After comparing the goods excluded from each country's statistics, the following adjustments were applied to account for known differences in coverage between the two sets of statistics.


          Low value trade

          In Australia, individual transaction lines within an export consignment where the value of the goods is less than $A500 are excluded. In addition, exported parcel post items valued under $2,000 are excluded. In Japan, Customs data exclude import shipments valued under $2,694 (200,000) regardless of mode of transport.

          To adjust for this difference, the value of all Australian records less than $2,694 (200,000) in value was determined, resulting in a low value trade adjustment of -$22 million.

          Gold coin

          Gold coins are included in Australia's merchandise trade statistics, but excluded from Japan's statistics. An adjustment of -$14 million has been made to account Australia's exports to Japan of gold coin in 1994.

          Fish

          Fish caught in Australian waters and shipped directly to Japan are not landed in Australia and are therefore not included in Australia's export statistics. However, they are included in Japan's import statistics as originating from Australia. An adjustment of +$37 million was made based on the difference between Australia's exports of both fresh and frozen fish, and Japan's imports of fresh and frozen fish.

Investigations have indicated that the discrepancy due to any other coverage differences would be minimal.
  • Valuation

Australia values its exports on an FOB transactions value basis, while Japan values its imports on a 'cost, insurance and freight' (CIF) basis. Japan does not compile separate information on the freight and insurance component of the CIF value, so it was necessary to estimate this for the purposes of the reconciliation study.

The freight and insurance component was estimated for each commodity at the 6-digit level of the Harmonised System classification. For each commodity one of the following methods was used:

-
        For the 25 major commodities imported by Japan from Australia, information on freight and insurance rates were obtained by contacting Australian exporters.
-
        For codes within chapters 01, 06, 08, 69, 84, 85 and 90, freight and insurance rates were calculated by Japan (at the chapter level) based on an examination of a sample of one month's import documents.
-
        For commodities that Australia also imports from Japan (other than those in the above 2 categories), calculations were based on the CIF/FOB ratio for that commodity from Australia's imports data.
-
        For the remaining commodities, the average CIF/FOB ratio from Australia's imports data was used.

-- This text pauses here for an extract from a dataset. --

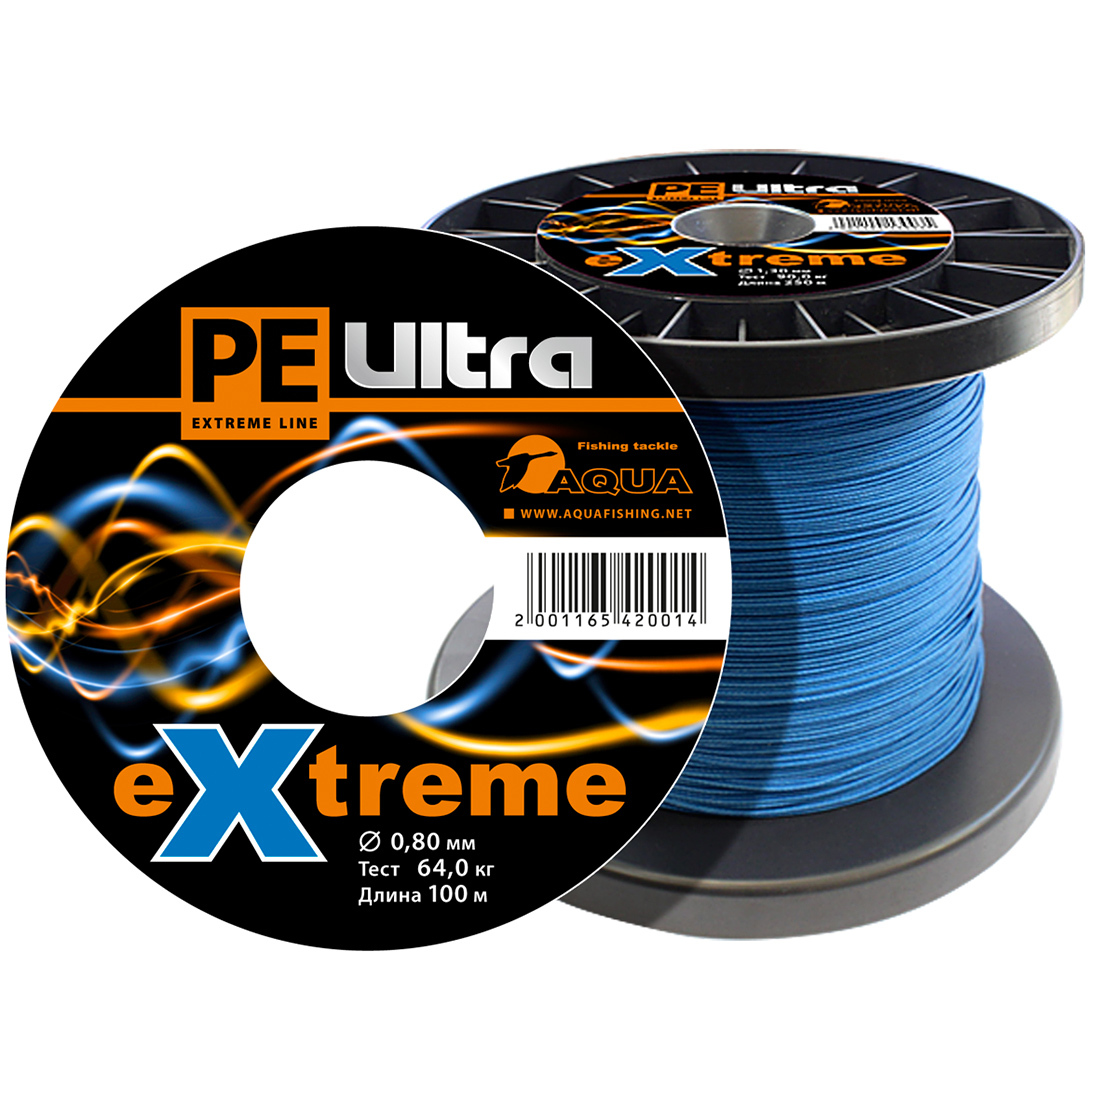 Плетеный Шнур Для Рыбалки Aqua Pe Ultra Extreme 0,80mm (Цвет Синий) 100m

The resulting adjustment of +$2,622 million represented the largest adjustment made to northbound trade.
  • Country classification

Australia classifies its exports by country of final destination and Japan classifies its imports by country of origin. As noted above, the exporter is not always aware of the country of final destination and in this case the country of last shipment (country of consignment) is reported.

Exports and imports statistics can be expected to be symmetrical between trading partners only when exports are shipped directly from the country of origin to the country of final destination. Discrepancies occur when third countries are involved, as with re-exports of merchandise and goods traded through intermediate countries.

In the case of northbound trade, the following adjustments were applied to adjust for differences in country attribution principles.


          Australia's re-exports

          When goods are imported by Australia and are subsequently re-exported to Japan, these goods should be recorded in Australia's exports to Japan but not in Japan's imports from Australia. Consequently, for data reconciliation purposes, the value of Australia's re-exports to Japan need to be subtracted from Australia's export statistics. Australia's re-exports of Japanese and third country merchandise resulted in an adjustment of -$184 million in 1994.

          Japan's indirect imports

          When Japan imports goods of Australian origin from a country other than Australia, they will be included in Japan's imports from Australia, but will generally not be included in Australia's exports to Japan. This assumes that the Australian exporter in unaware of the subsequent movement. However in some instances the Australian exporter will be aware of the ultimate destination of the goods and these transactions will be included in Australia's exports to Japan. It is impossible to distinguish between these two circumstances.

          In the reconciliation an adjustment of +$312 million has been made, which is the estimated value of merchandise of Australian origin imported by Japan from third countries. This estimate was calculated by Japan based on an examination of a sample of one month's import documents. Since some of Australia's indirect imports will undoubtedly be recorded as exports to Japan in Australian trade statistics, this adjustment may somewhat overstate the effect of trade via third countries. The value of Australia's exports to Japan via third countries was examined with a view to subtracting these from Japan's indirect imports, but the commodity match between this and Japan's indirect imports data was not particularly good, so the extra adjustment was not made.

          Japan's re-imports

          Re-imports are goods originally exported which are imported to the originating country in either the same condition in which they were exported or after undergoing repair or minor operations which leave them essentially unchanged.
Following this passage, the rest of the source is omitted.